Dieses Glück war Liebe auf den ersten Blick. Bevor er selbst in die Keferstraße 12 a zog, hatte hier ein Landschaftsgärtner seine Firma untergebracht. Ein Freund von Puchner. „Ich habe immer zu ihm gesagt: Wenn du hier mal weggehst, sag mir als erstem Bescheid.“ Bis dahin lebt Puchner, der 1954 für das Studium an der Kunstakademie nach München kam, in anderen Ecken von Schwabing. „Es war schon immer mein Stadtteil.“
Anfang der 80er ist es so weit, er mietet die Gebäude hinter dem Osterwaldgarten, an denen die Zeit bereits ihre Spuren hinterlassen hat. Puchner legt die alten Mauern trocken, isoliert, reißt die Trennwand aus der Stube im Erdgeschoss und baut einen Ofen. Aus dem Speicher wird Wohnraum. Er selbst hat hier bis vor kurzem geschlafen. Schmale, durchgetretene Stufen führen hinauf, es knarzt bei jedem Schritt. Früher nahm Puchner junge Künstler und Schüler als Gäste auf.
Einer, mit dem Puchner noch heute befreundet ist, wollte für ein paar Wochen aus Russland kommen. Und blieb dann sieben Jahre. Jetzt liegt nur noch eine Matratze rum, nebendran stapeln sich Bücher. Ordnung vor dem Aufbruch. Im Garten bricht sich die Sonne ihren Weg durch die Äste der Kastanie. Darunter, am Holztisch, lässt sich wunderbar über das Leben und die Kunst sinnieren.
Künstler und Politiker sind hier in all den Jahren beisammen gesessen, immer wieder auch Oberbürgermeister Christian Ude und seine Frau Edith von Welser-Ude. Ginge es nach dem neuen Eigentümer, wäre der Baum schon vor Ostern gefällt worden. Entwurzelt wie der Mieter. Doch dagegen hat sich Puchner gewehrt. Zumindest ein paar Monate soll der Baum noch stehen, hofft er. Er sammelt gerade Informationen darüber, dass Bäume erst wieder ab Oktober gefällt werden dürfen.
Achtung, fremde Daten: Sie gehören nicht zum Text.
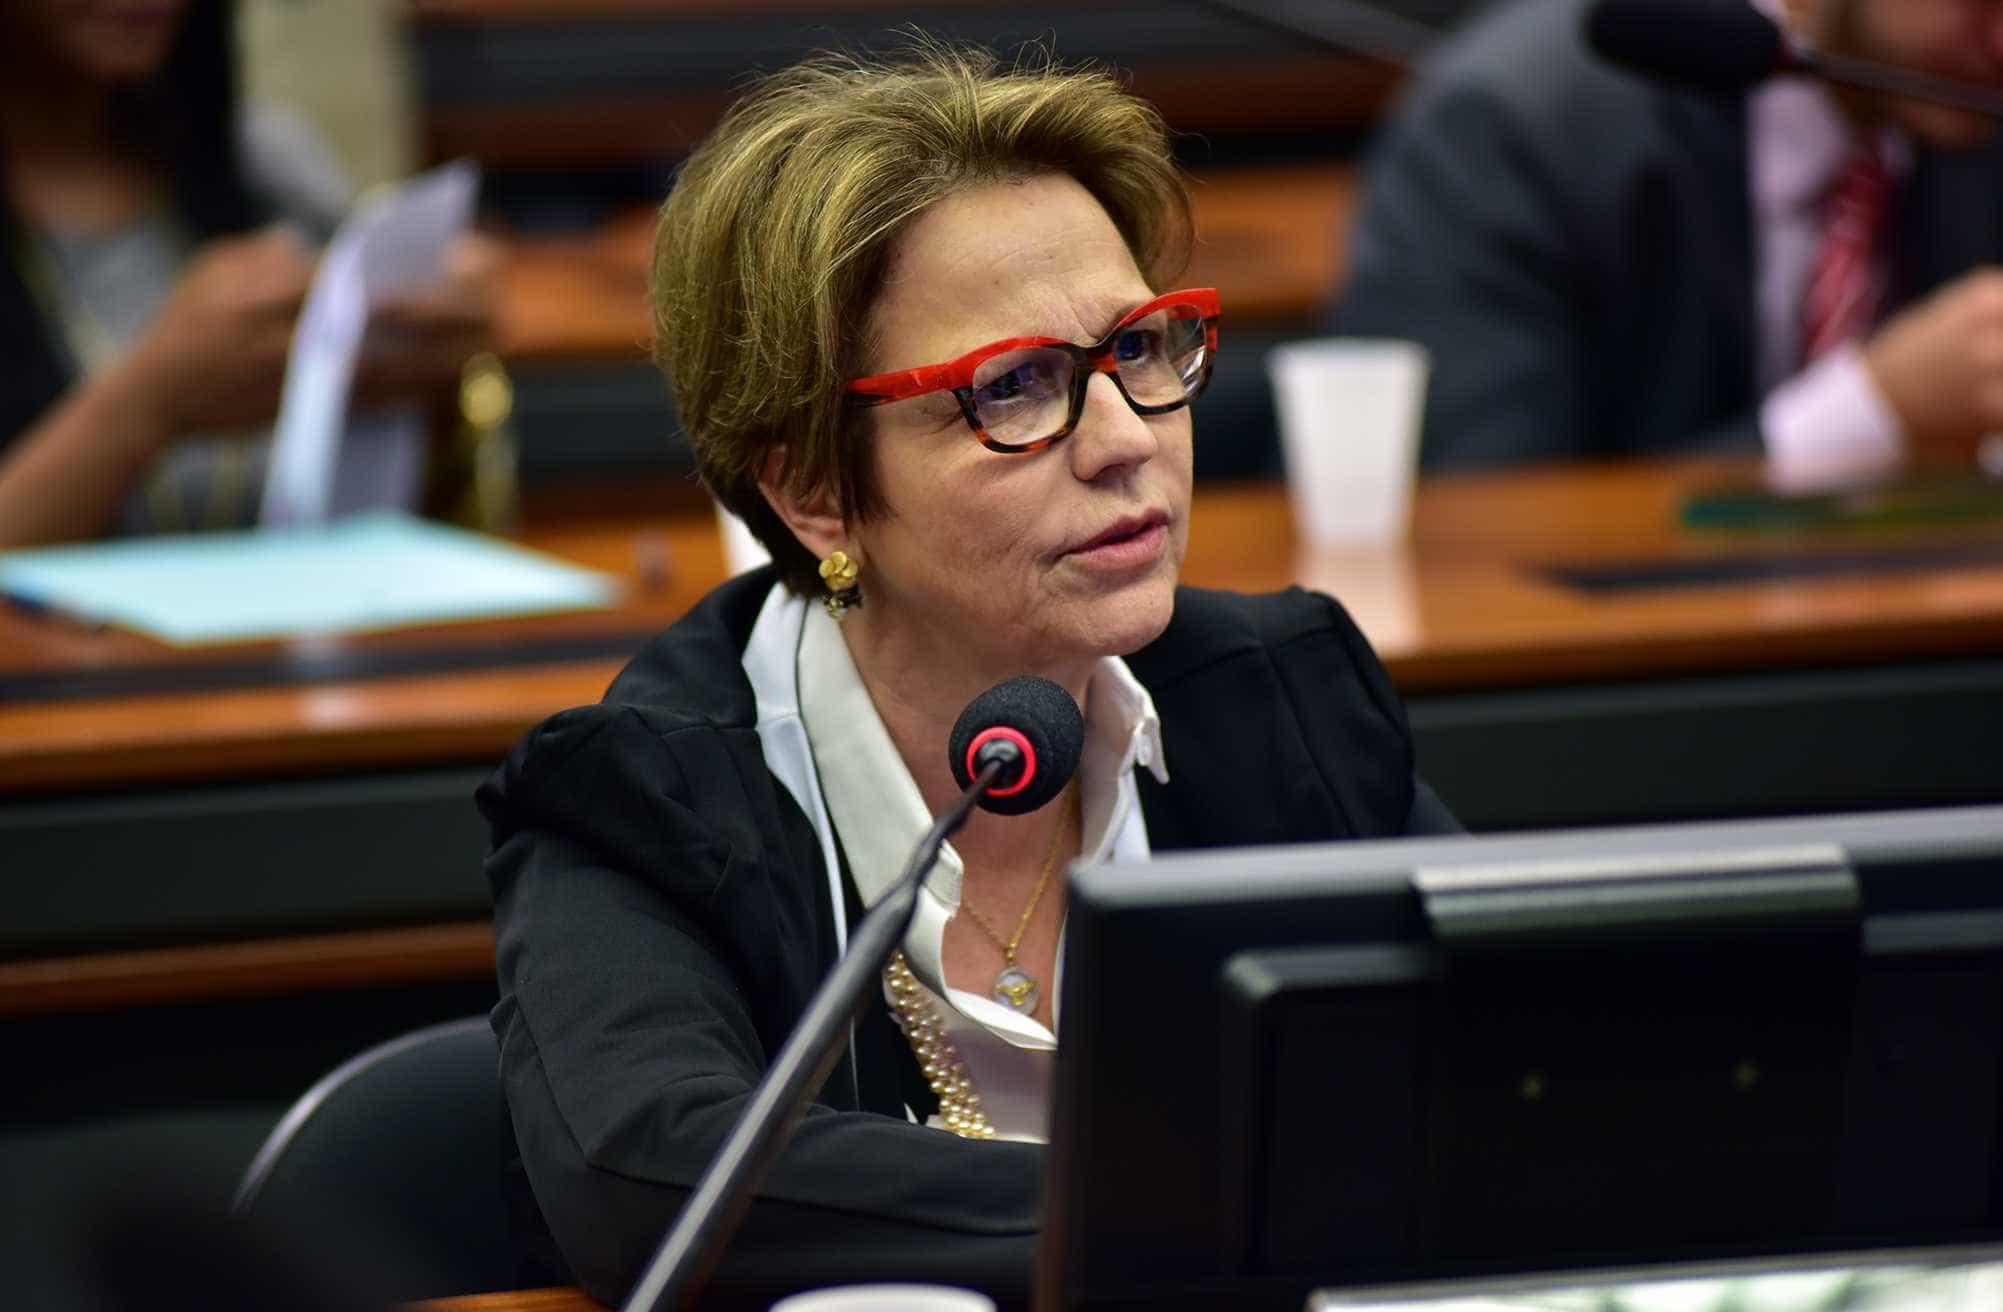 Futura ministra da Agricultura quer bônus para ruralista cumprir lei

Über den Garten verteilt stehen Skulpturen, über manche wuchern Blätter und Zweige. Wo bald die Bagger arbeiten, streift Nani, Puchners zutrauliche Katze, durchs Gras. Was aus ihr wird, wenn er auszieht, zu seiner Lebensgefährtin in die Wohnung? „Ich weiß es noch nicht. Aber in eine Wohnung tu ich sie nicht. Vielleicht aber zu Bekannten, die einen Garten haben.“
Im Herzstück von Puchners Idylle, im Atelier, steht die meiste Aufräumarbeit noch bevor. Hier hat er die Skulpturen für die Brunnen entworfen, die das Münchner Stadtbild prägen: im Cosimapark, der Fasanenparksiedlung oder der Heßstraße. Skizzen bedecken den Tisch, Werkzeug liegt herum, das Lämpchen auf dem Anrufbeantworter blinkt. Es sieht aus, als würde sich Puchner gleich wieder seiner Arbeit widmen. Aber das trügt eben. Einiges ist bereits entrümpelt. Reste von Stein und Holz, aus denen Puchner seine Kunstwerke gefertigt hat.
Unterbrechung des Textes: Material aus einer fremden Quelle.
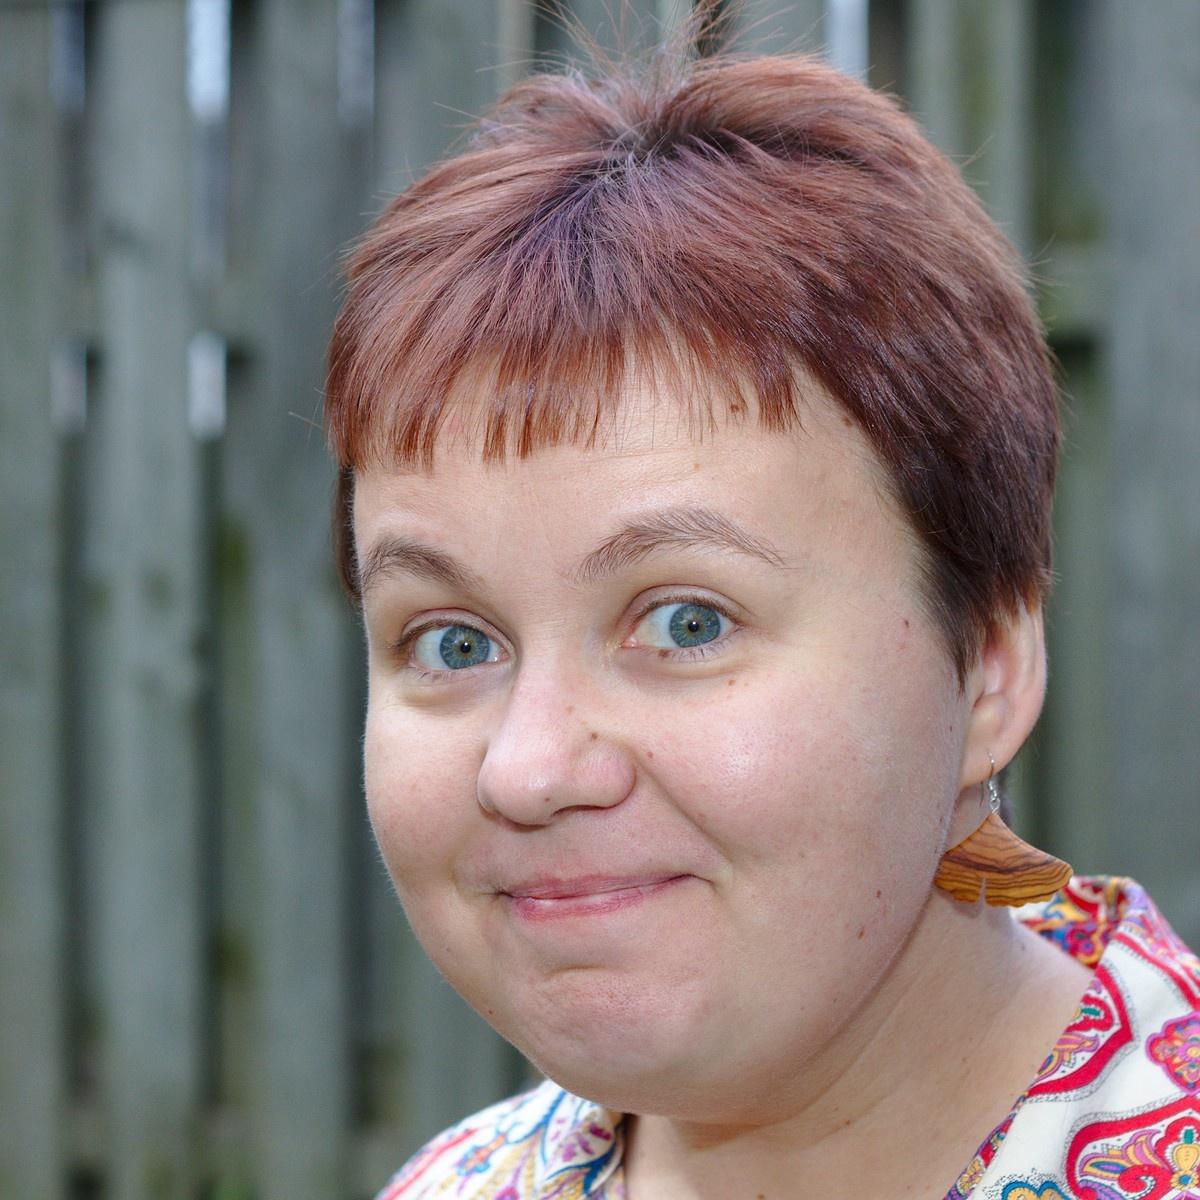 Evgenia Vlasova: biography and creativity

Altes, rostiges Werkzeug. Lauter Dinge, die voller Erinnerungen stecken. „Von Dingen freimachen“, nennt es Puchner. „Es waren Sachen dabei, die hatte ich seit Jahren nicht mehr in der Hand“, sagt er. „Und bei jedem einzelnen habe ich mich nochmal erinnert, wann und was ich damit gearbeitet habe. Ich habe mich bewusst getrennt.“
Mit Selbstmitleid oder Resignation habe das nichts zu tun. So schwer es sein muss, er blickt nach vorne. Das hat ganz praktische Gründe: „Ich brauche meinen Frieden, um arbeiten zu können.“ Einfacher wäre das freilich, hätte er bereits ein neues Atelier. Doch die Anfragen bei der Stadt blieben bislang erfolglos.
Viele Ateliers sind für junge Künstler vorgesehen, die am Anfang ihres Schaffens stehen. Mit jemandem wie Puchner, der mit fast 79 einen Neuanfang machen muss, hat dort niemand gerechnet.